Exercise goal:
Using the listing below, set down exactly the lines from the one that contains "Musiikkikirjastot.fi:n uusi juliste" through the one that contains "Artista il disegno", with no pictures.

Available data:
★ ★ ★ ★

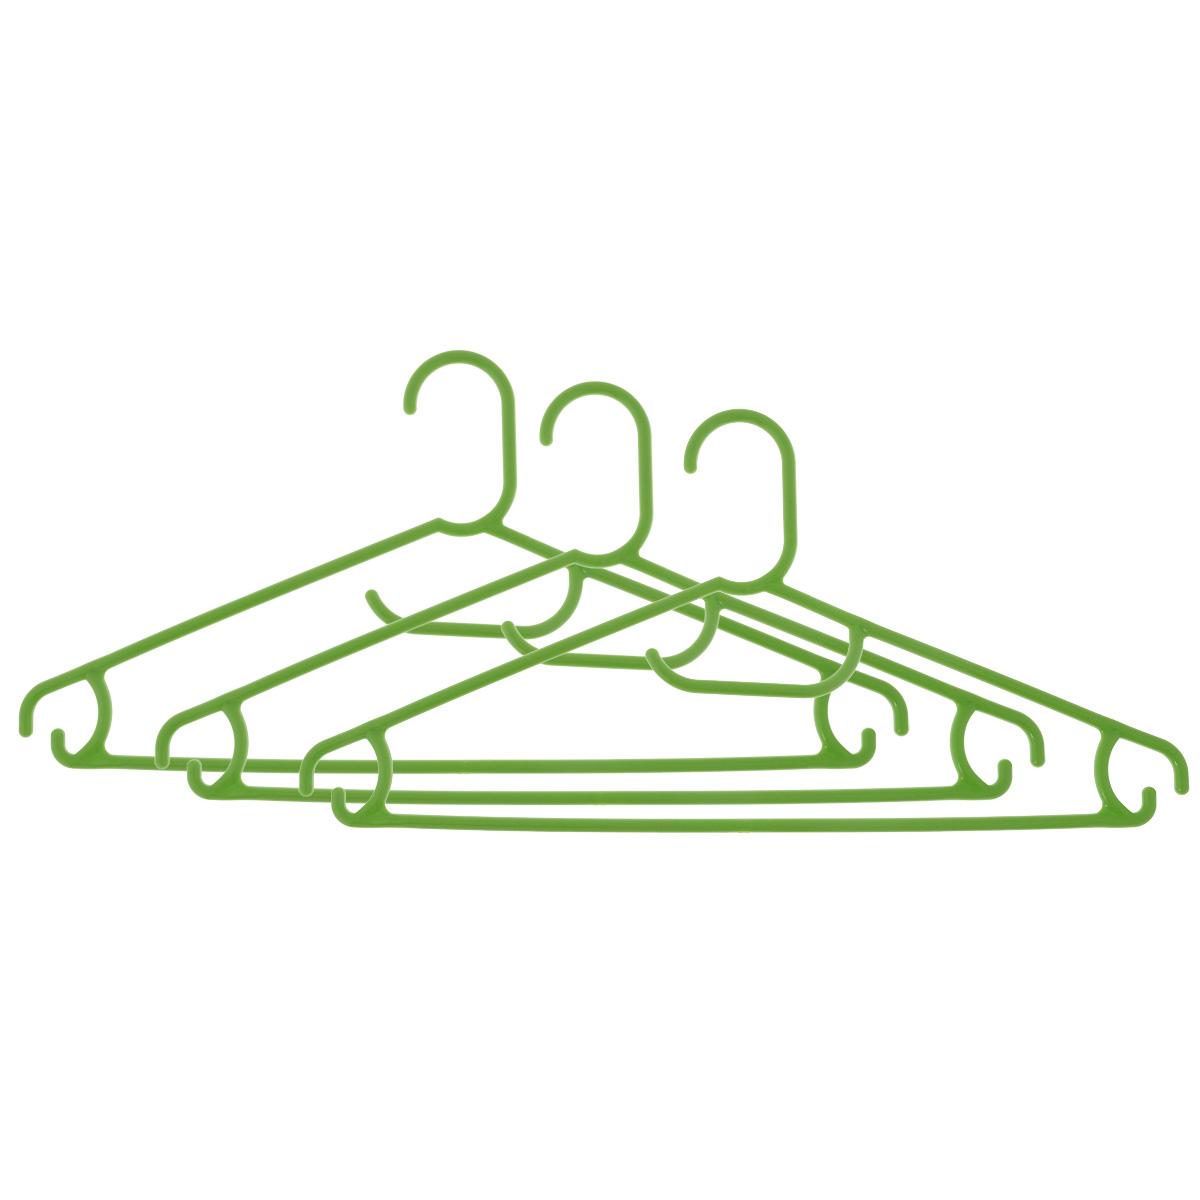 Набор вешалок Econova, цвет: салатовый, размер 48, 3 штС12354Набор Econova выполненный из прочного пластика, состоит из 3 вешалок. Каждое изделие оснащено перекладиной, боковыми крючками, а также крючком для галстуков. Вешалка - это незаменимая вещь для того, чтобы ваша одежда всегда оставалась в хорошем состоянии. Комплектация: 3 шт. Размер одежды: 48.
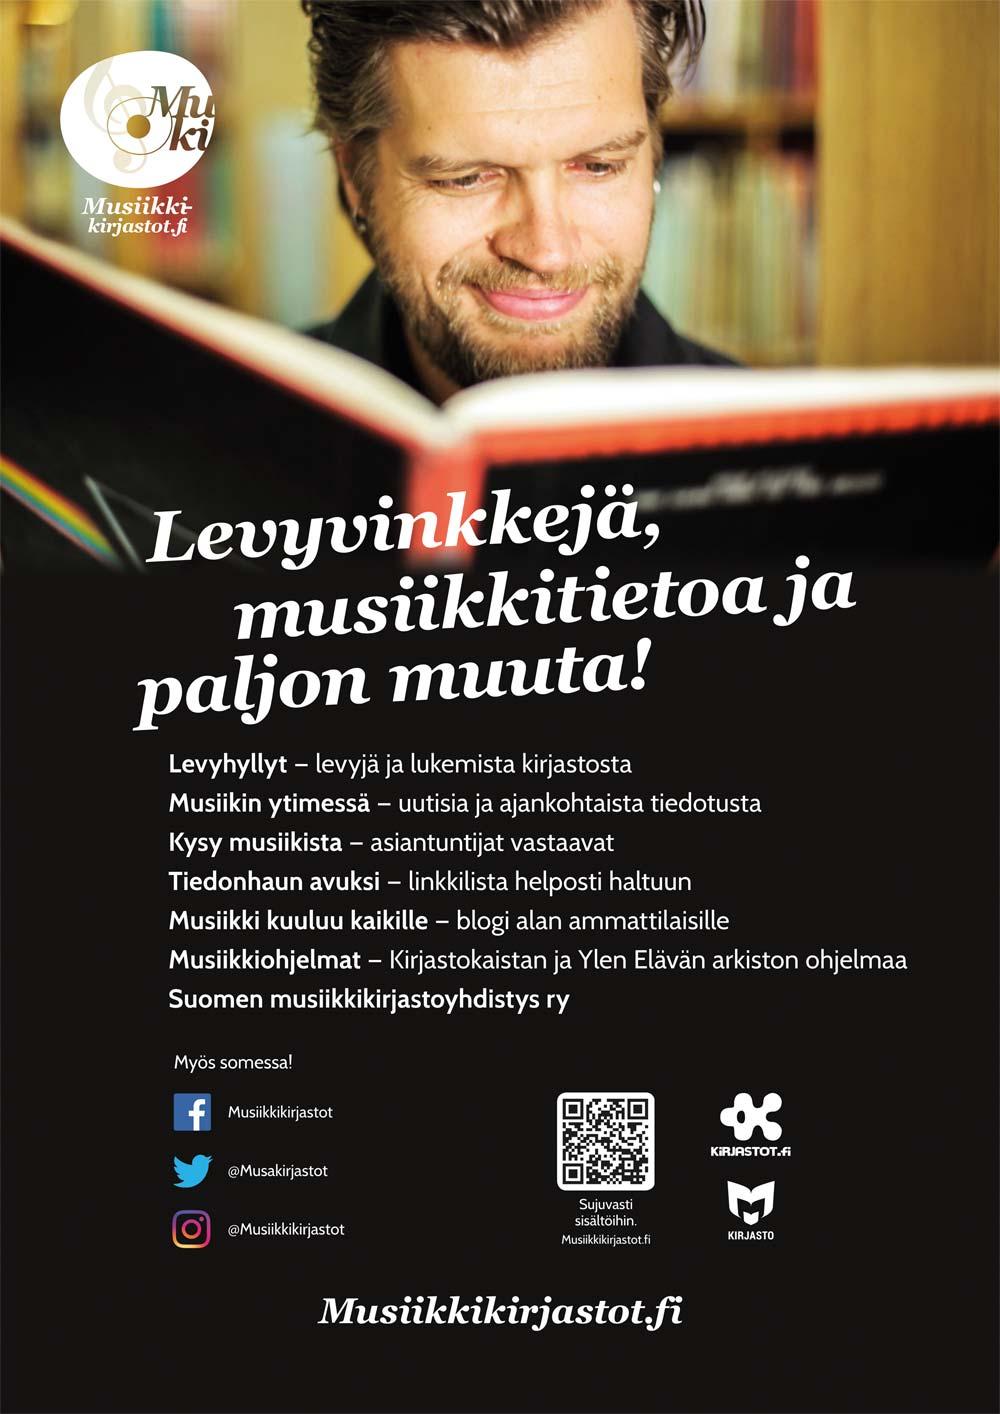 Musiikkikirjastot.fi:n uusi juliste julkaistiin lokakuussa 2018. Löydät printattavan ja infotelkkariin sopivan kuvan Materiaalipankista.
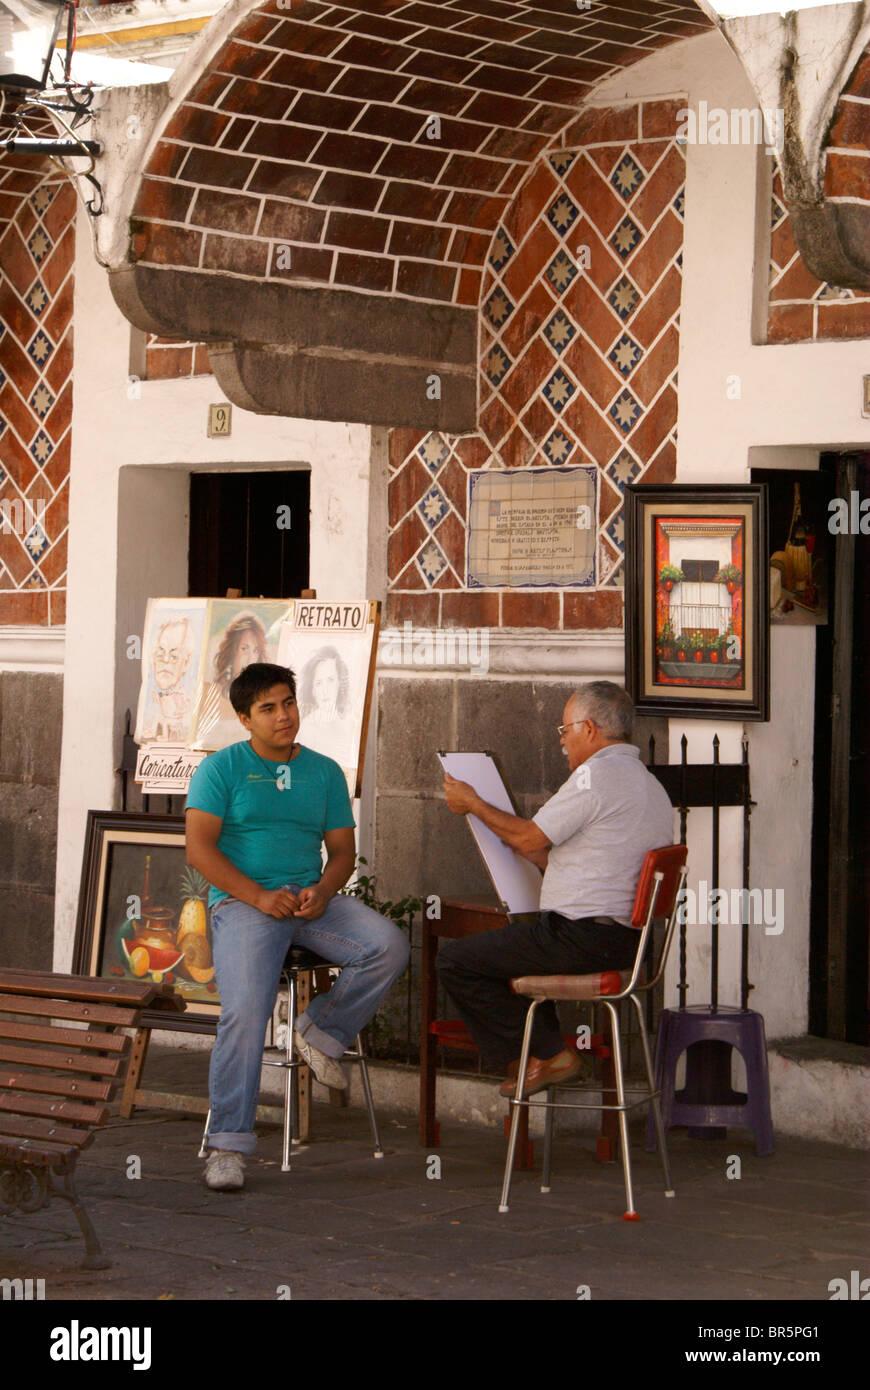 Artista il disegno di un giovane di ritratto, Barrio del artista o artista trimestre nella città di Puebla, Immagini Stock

★ ★ ★ ★

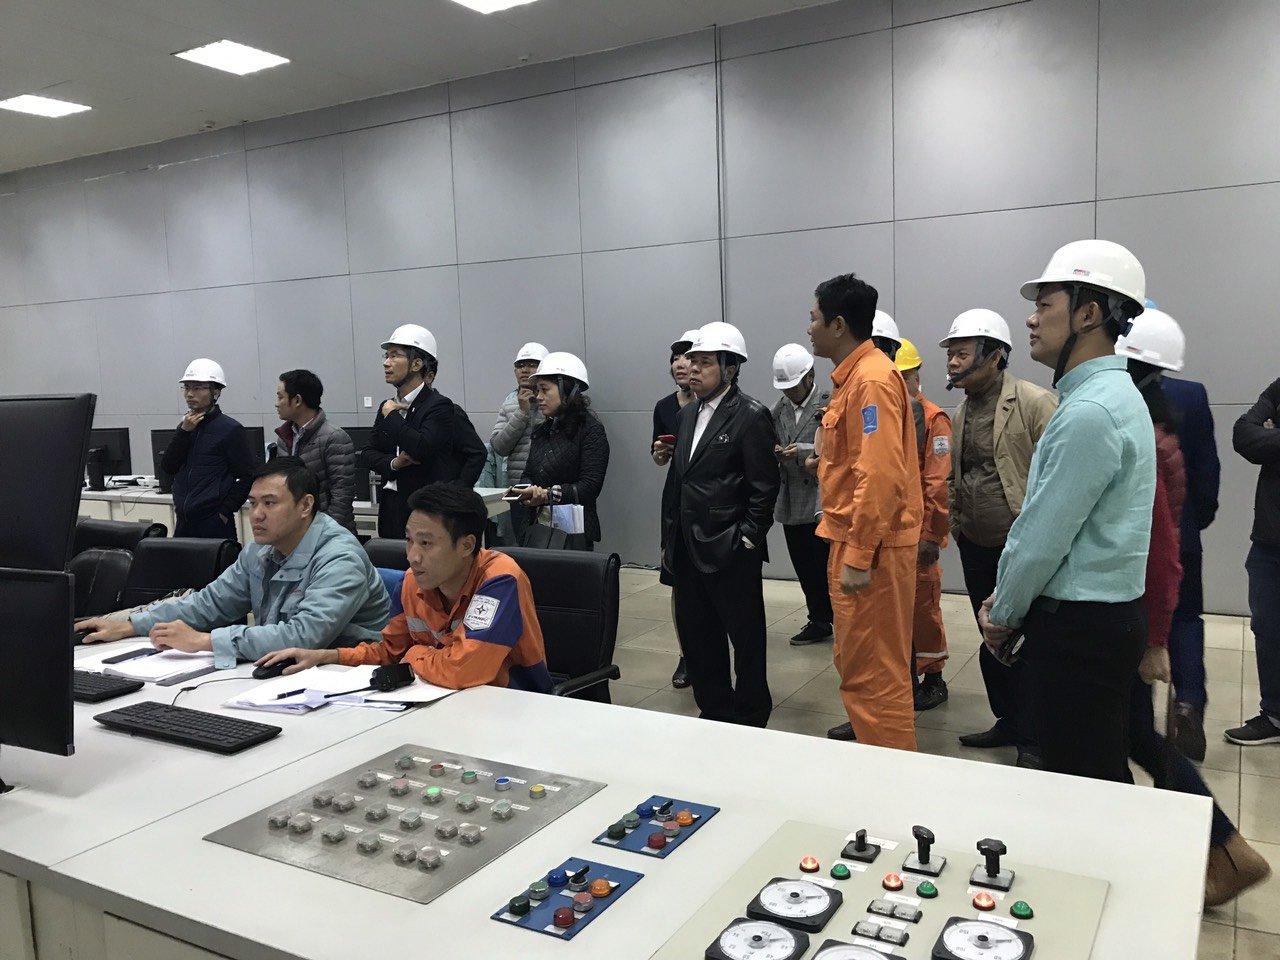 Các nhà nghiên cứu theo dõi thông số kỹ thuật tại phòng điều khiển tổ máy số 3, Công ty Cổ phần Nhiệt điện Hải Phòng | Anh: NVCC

★ ★ ★ ★

Response to this exercise:
 Musiikkikirjastot.fi:n uusi juliste julkaistiin lokakuussa 2018. Löydät printattavan ja infotelkkariin sopivan kuvan Materiaalipankista.
 Artista il disegno di un giovane di ritratto, Barrio del artista o artista trimestre nella città di Puebla, Immagini Stock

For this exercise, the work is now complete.